Their tools include AI-generated deepfake videos used in business email compromise (BEC) scams and malware that intercepts and alters payment details in real time. To help mitigate this, institutions can implement real-time fraud detection tools to monitor payment activity and educate employees and accountholders about verifying payment requests – especially those involving large sums of money.
As more older adults adopt digital banking this year, fraudsters are adapting their tactics to target this demographic and take advantage of their lack of familiarity with technology. Scams involving tech support impersonation, fake investment opportunities, law enforcement impersonation, and romance schemes have become commonplace. According to a study conducted by AARP, victims of elder financial exploitation lose $28.3 billion annually.
Older adults are more likely to fall victim to sophisticated scams due to their lack of understanding of emerging technologies. Fraudsters are using AI-generated voices and emails to build trust with their victims. They are also using AI-driven chatbots impersonating customer service representatives and remote access trojans (RATs) used to gain control of victims’ devices. Financial institutions can help prevent elder abuse fraud by providing targeted education for older accountholders on recognizing and avoiding scams, as well as training staff to detect and report signs of elder abuse.

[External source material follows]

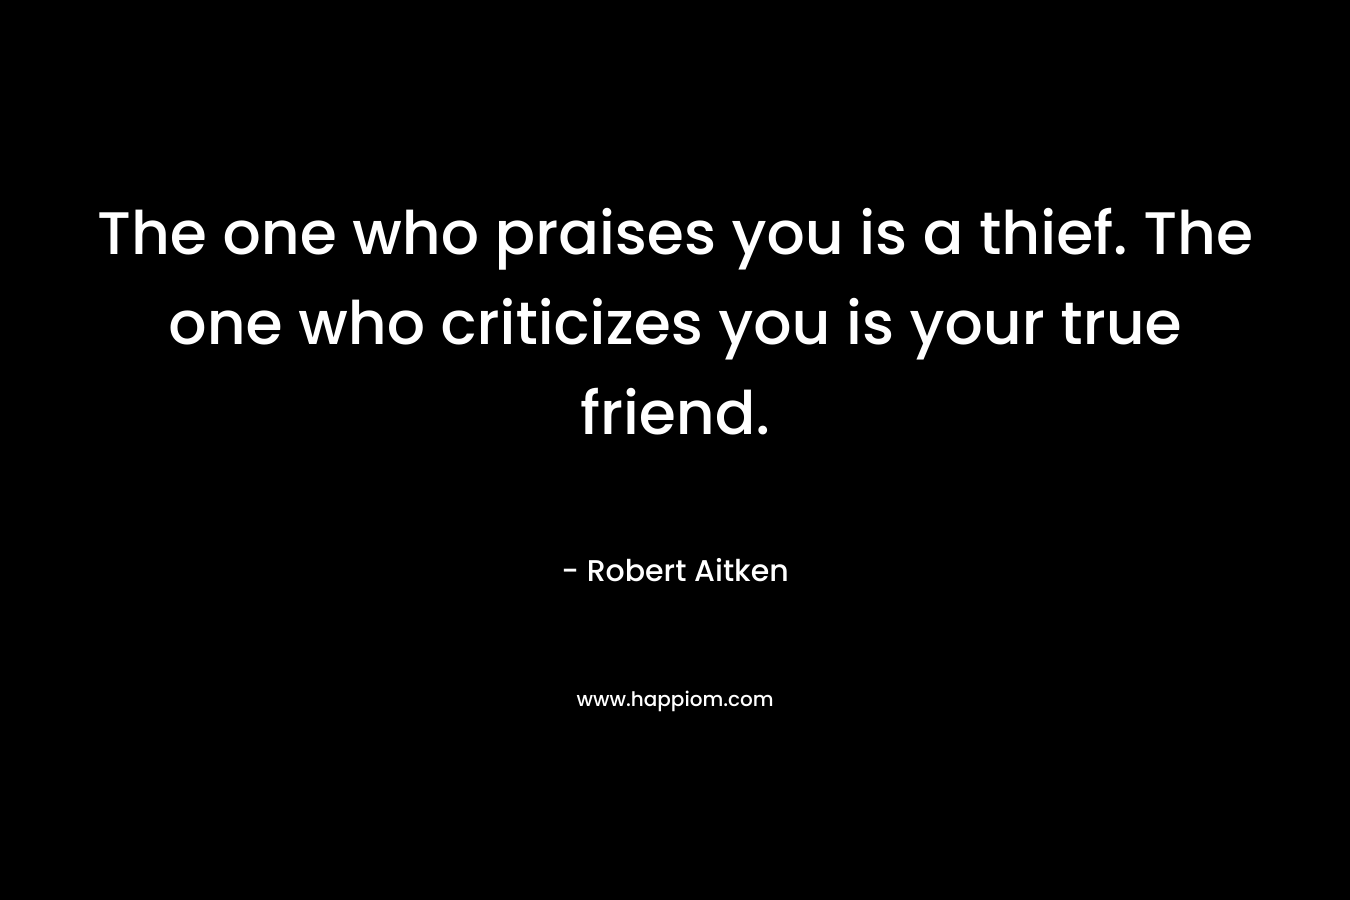 The one who praises you is a thief. The one who criticizes you is your true friend. – Robert Aitken

Here are a few things you can do to help protect your institution and your accountholders:
Addressing 2025 fraud trends requires a multi-layered approach. Financial institutions must invest in modern fraud detection technology, but technology alone is not enough. A strong fraud prevention strategy (one that is continually refined) is fundamental to your success, as it fosters a culture of awareness among staff and accountholders to help ensure everyone remains informed. By proactively implementing these strategies, institutions can not only protect their accountholders and assets, but also maintain trust in an increasingly digital world.
The key to staying ahead of fraudsters is agility – adapting quickly to emerging threats and reinforcing safeguards before vulnerabilities can be exploited. The fight against financial crime is ongoing, but with the right combination of technology, education, and collaboration, you and your institution can turn the tide in your favor!